I am reading Walden. Still. It is a still sort of reading and still sort of book also - in the evenings on top of the sheets with the fan sucking in the cool air or the air conditioner buzzing away and hopefully not making my nose stuffy by morning. Even with the fan or the ac it's just barely cool and unhumid so that any extraneous movement is a poor decision. I lie curled loosely on a side or on my back (Walden is a wonderfully small paperback, perfect for supine reading or taking in a purse for the bus) only eyes moving and occasionally fingers. The moralizing of Economy drove me nuts but the promise of the american classic pulled me through - Visitors was better and I made peace with Thoreau by the time he extolled the virtue of beans as the green bean is, I have attested, my favorite food. It's unclear which sort of bean he's referring to but I hardly believe he would have grown so many bushels of black or pinto or lima - who would want them?

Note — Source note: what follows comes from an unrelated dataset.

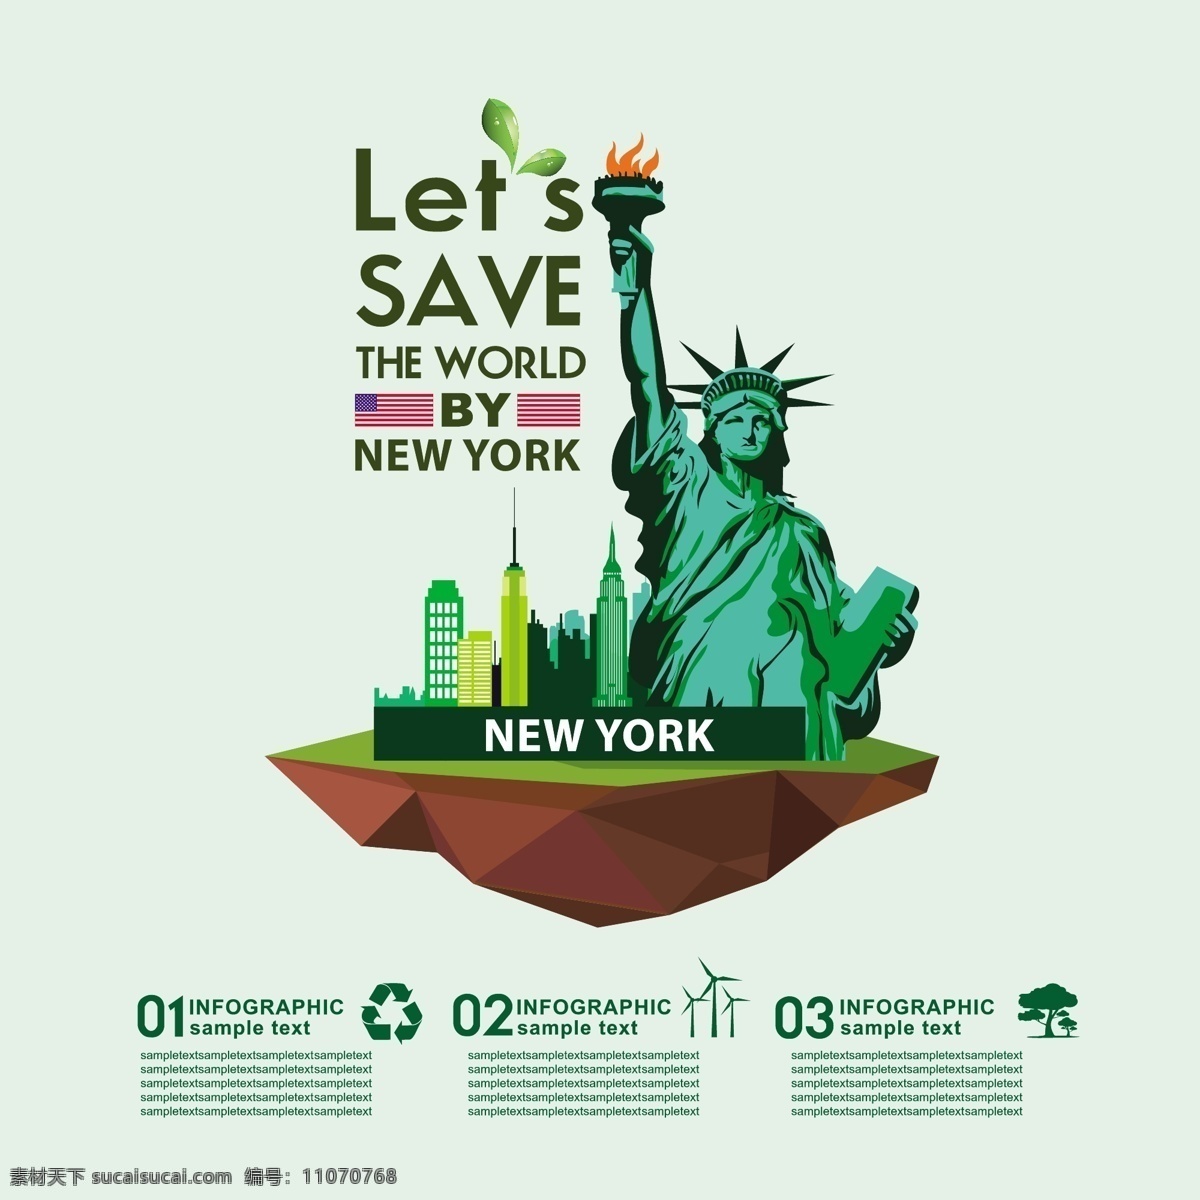 生态信息图表 环保 创意设计 eco 绿色 美国 纽约 循环 能源 节能 低碳 生态 回收 环保标志 ppt素材 底纹背景 商务金融 商业插画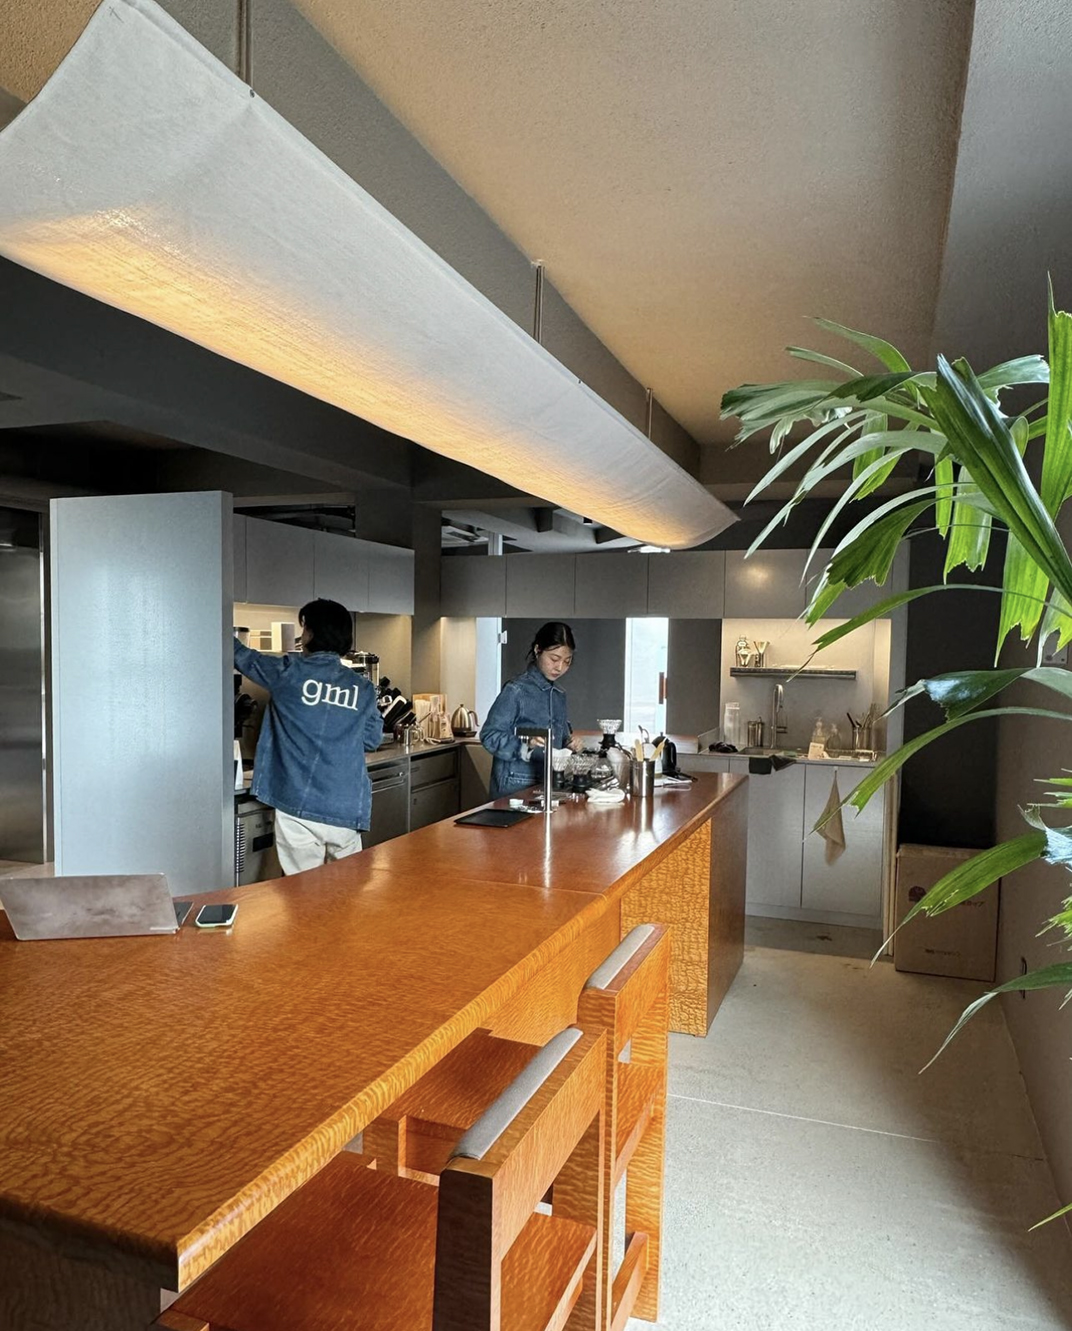 专注手冲的咖啡馆G-M-EL  深圳 珠海 东莞 上海 北京 广州 武汉 咖啡店 餐饮商业 logo设计 vi设计 空间设计

I picked Walden up from Powells when it was still regularly cold and it has sat on my bookshelf (serving as a bed-side table) for months now, picked at slowly like corn stuck between my teeth. I've put it aside (back to the bookshelf) to cover it with something more tantalizing, more thrilling, but eventually I come back to it. It's a book that for no particular reason I'm determined to not like which begs the questions of why I keep reading it. I think at this point the intrinsic literary value (critically acclaimed!) has exhausted itself. I just want to know what he will arrogantly and lovingly discuss next.